* _DATA EXCERPT_:
>>>>
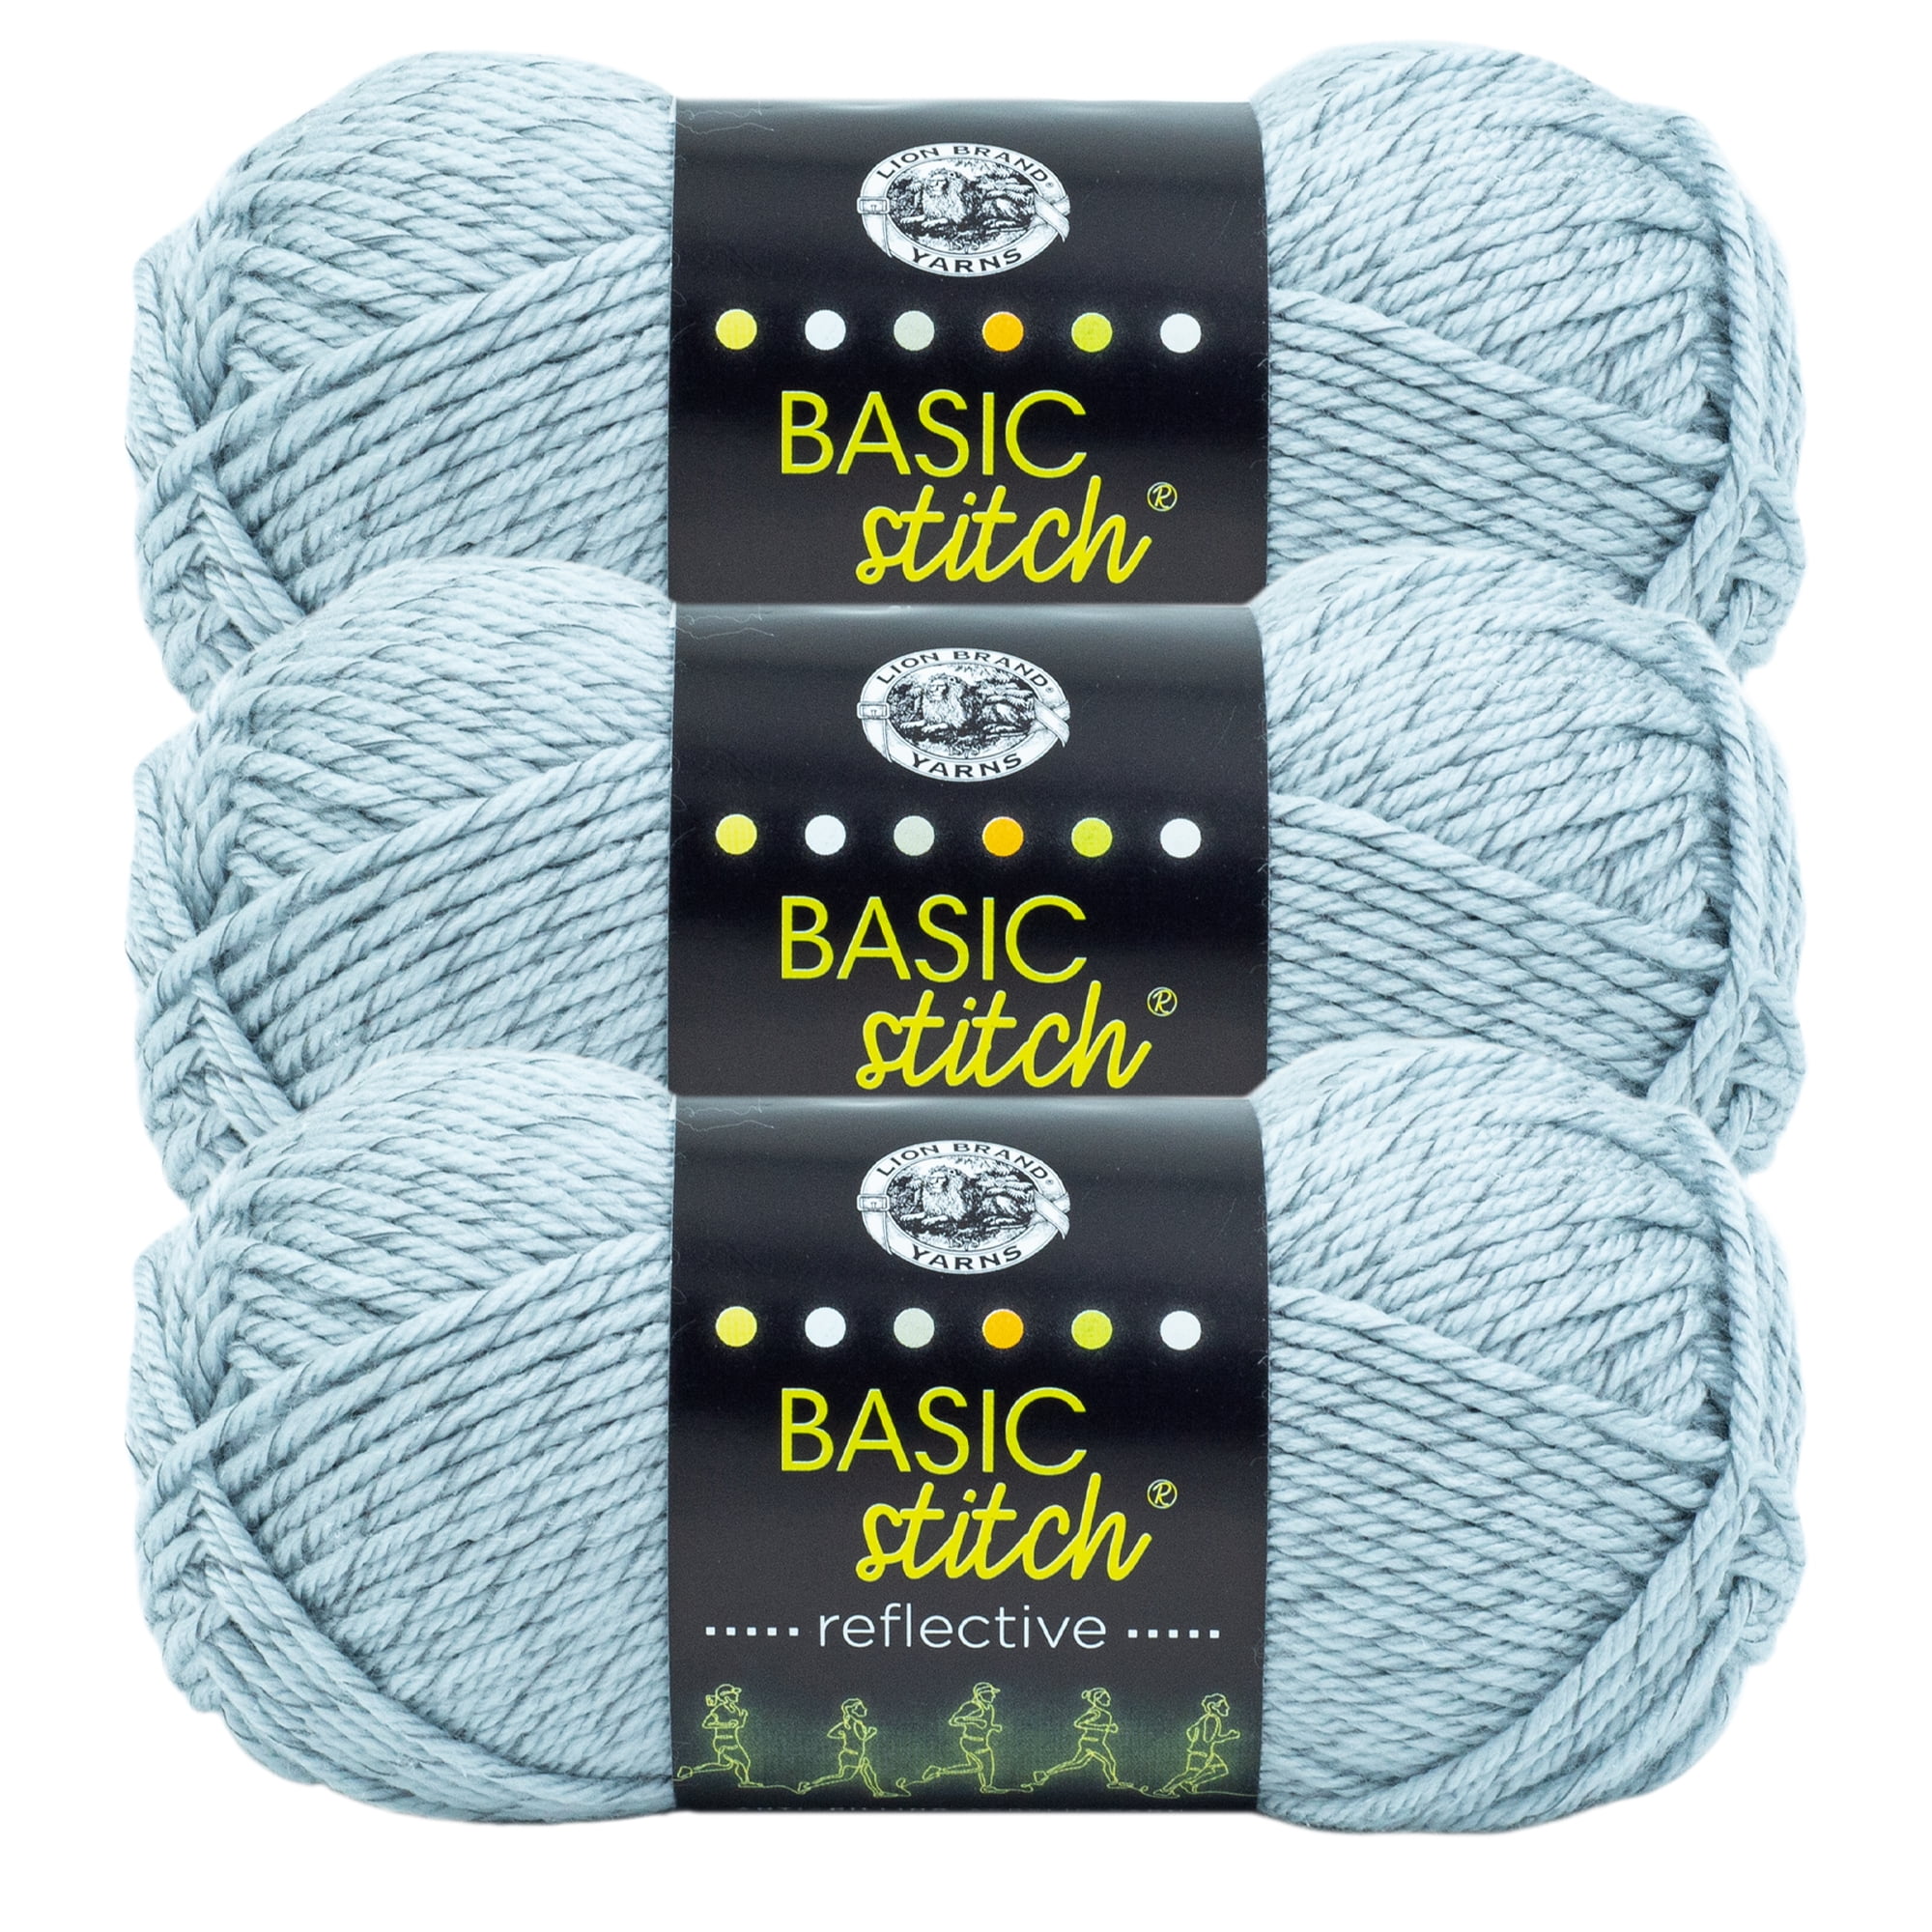 Basic Stitch Anti Pilling™ Yarn by Lion Brand – the Yarn Cave
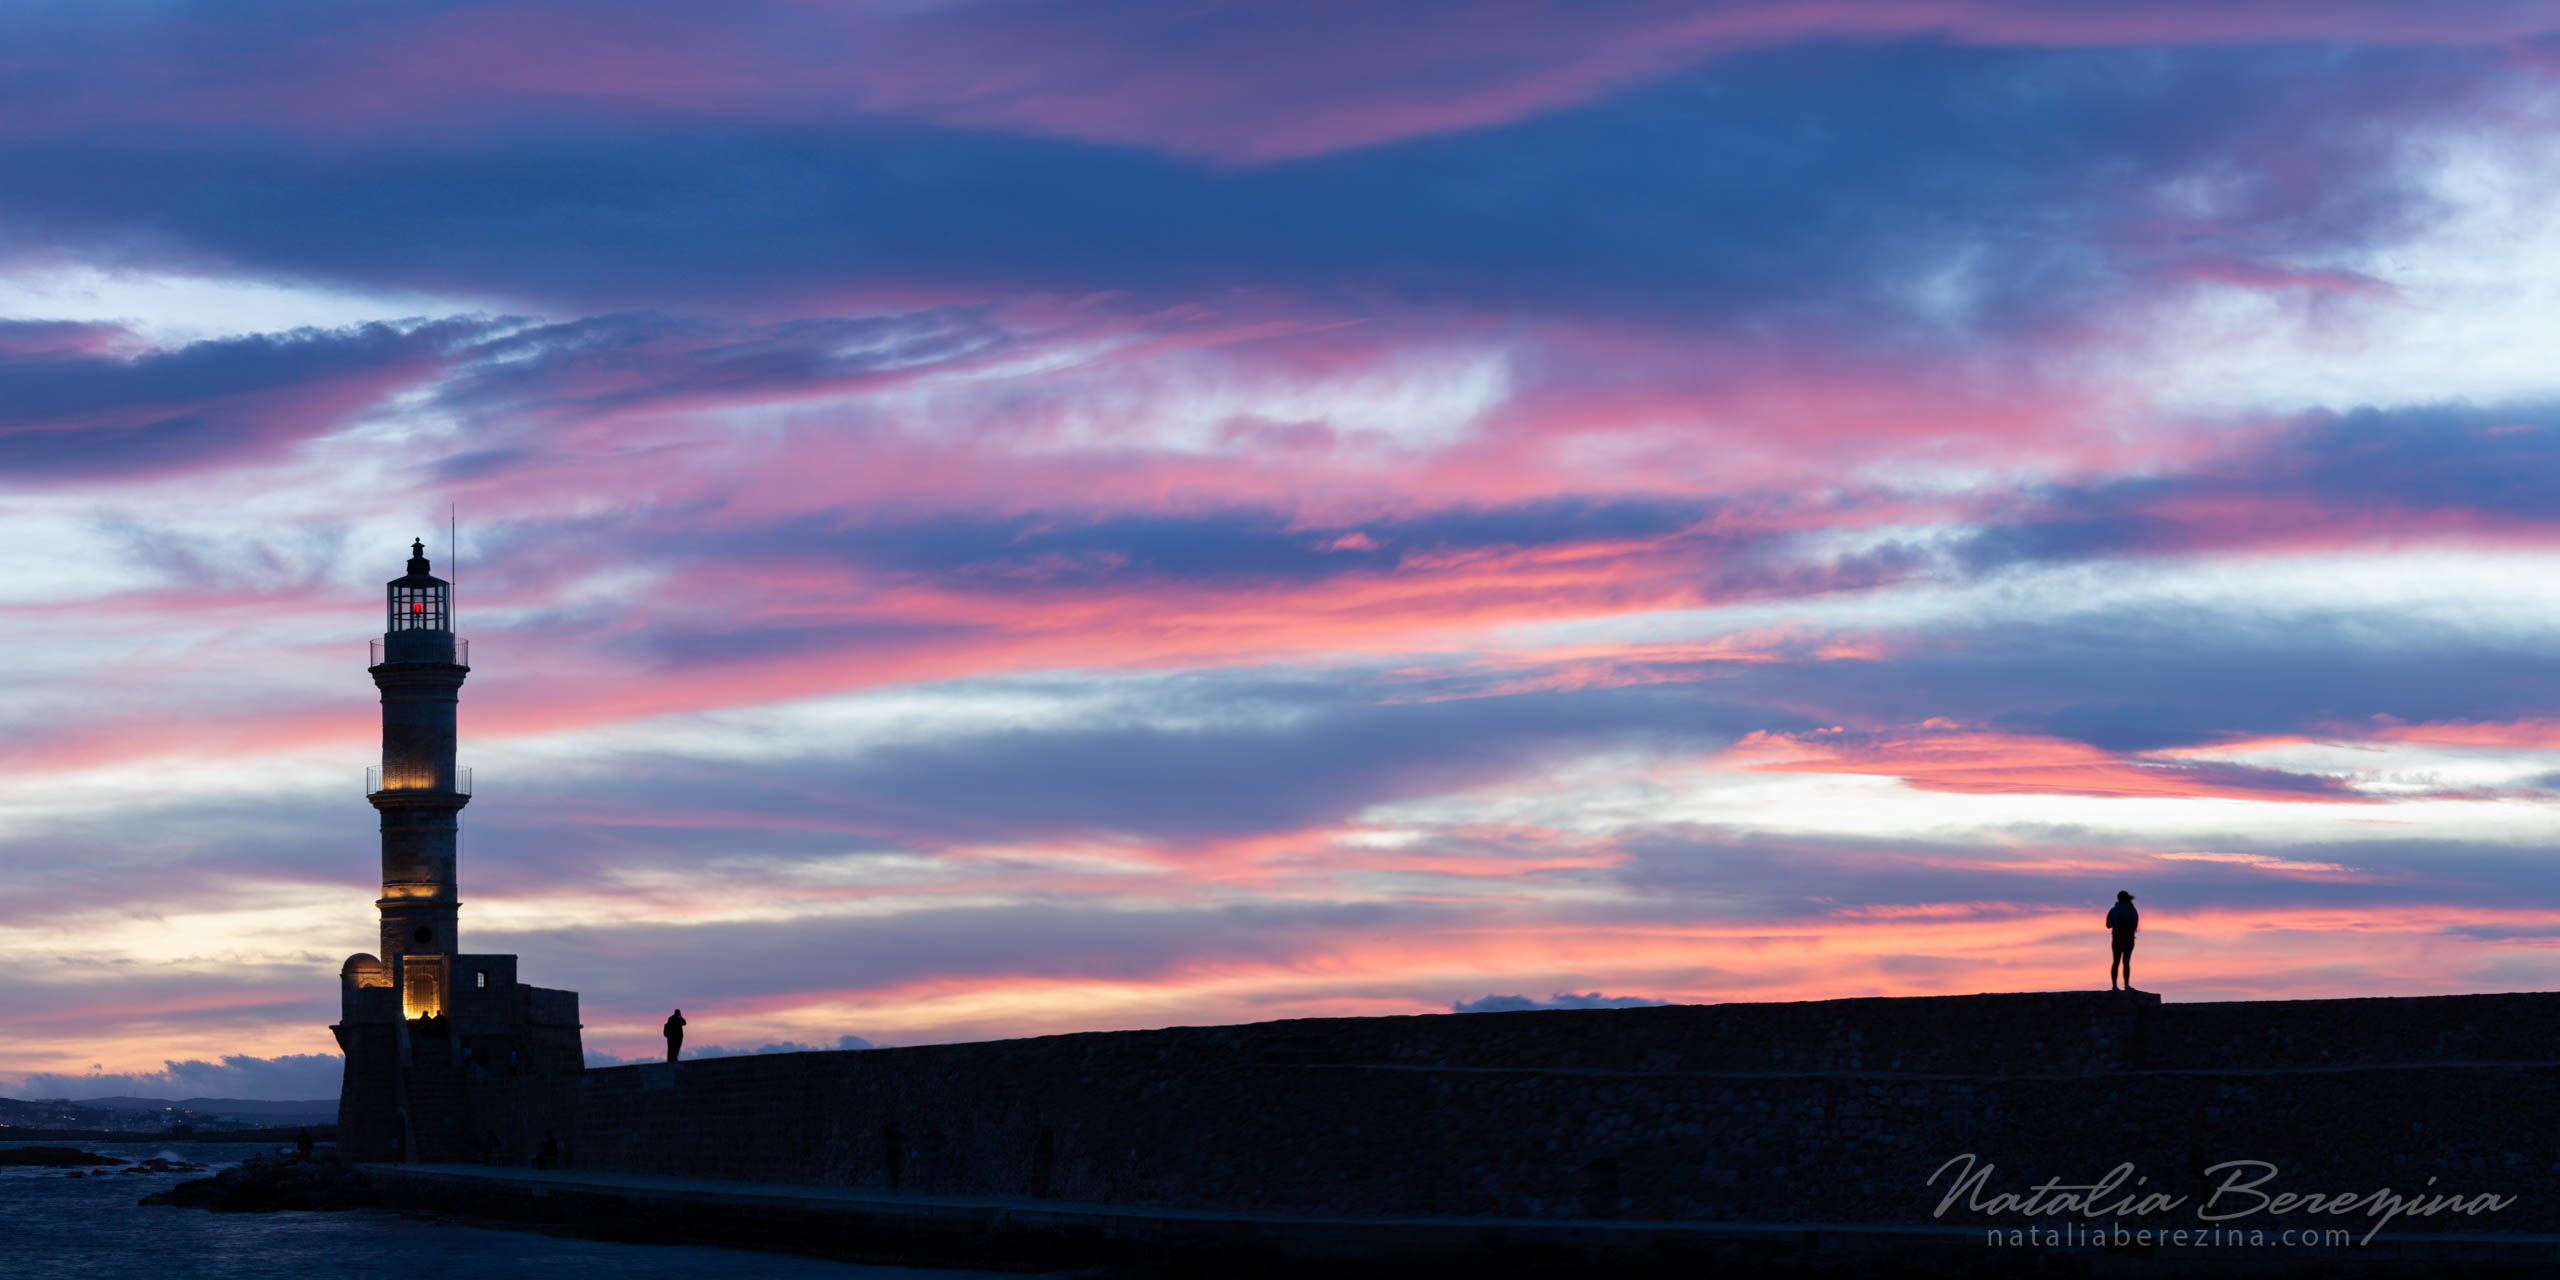 Greece, Crete, cloud, sunset, lighthouse, pink, sky, 2x1 CR1-NBDK1U0964-P - Crete, Greece - Natalia Berezina Photography
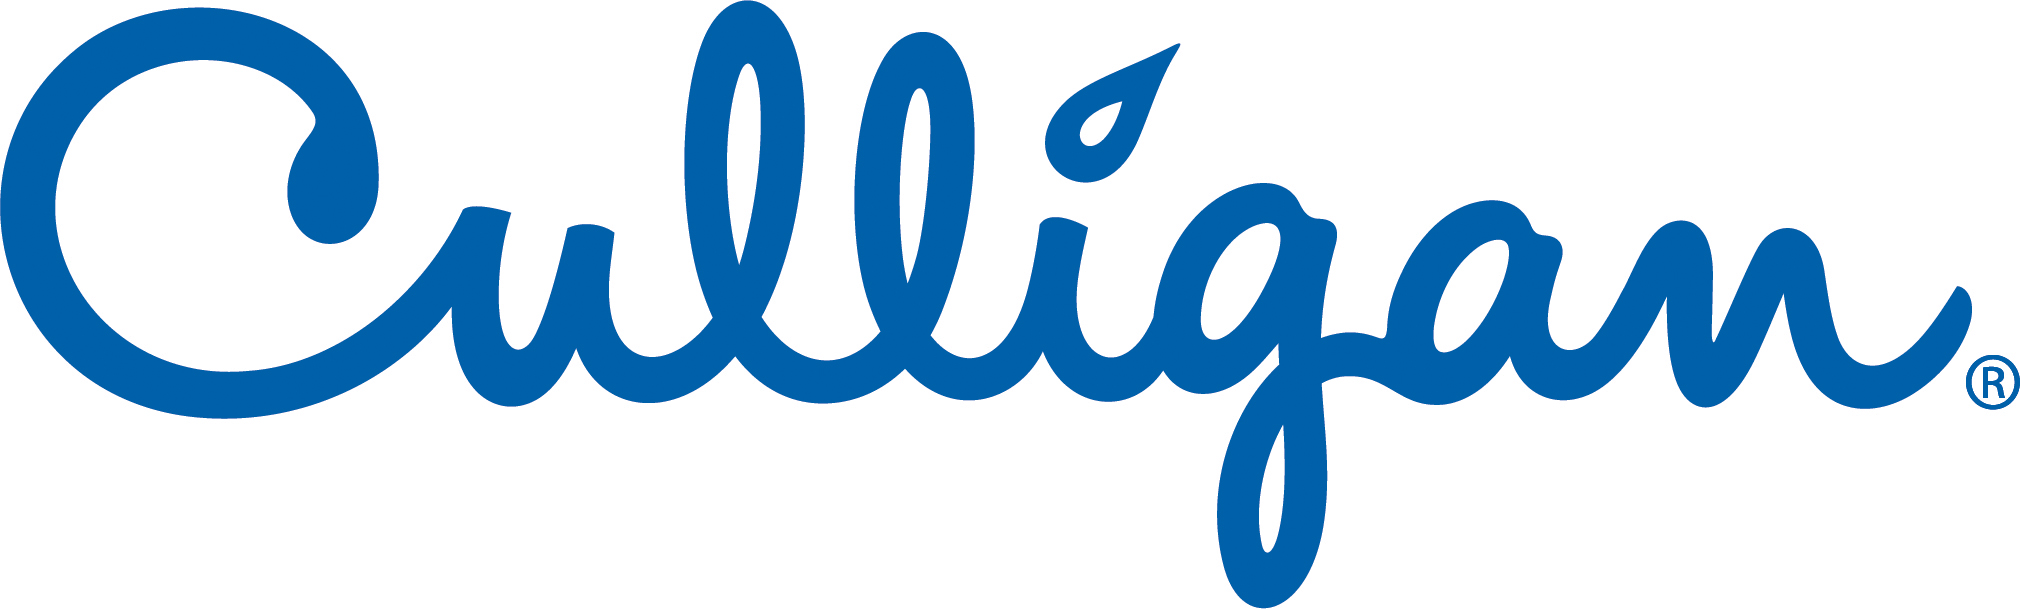 Logomark for Culligan
<<<<
* _INSTRUCTIONS TO FOLLOW_:
Once the images are removed, print the remaining data exactly as it appears above.

* _RESPONSE TO THIS TASK_:
 Basic Stitch Anti Pilling™ Yarn by Lion Brand – the Yarn Cave
 Greece, Crete, cloud, sunset, lighthouse, pink, sky, 2x1 CR1-NBDK1U0964-P - Crete, Greece - Natalia Berezina Photography
 Logomark for Culligan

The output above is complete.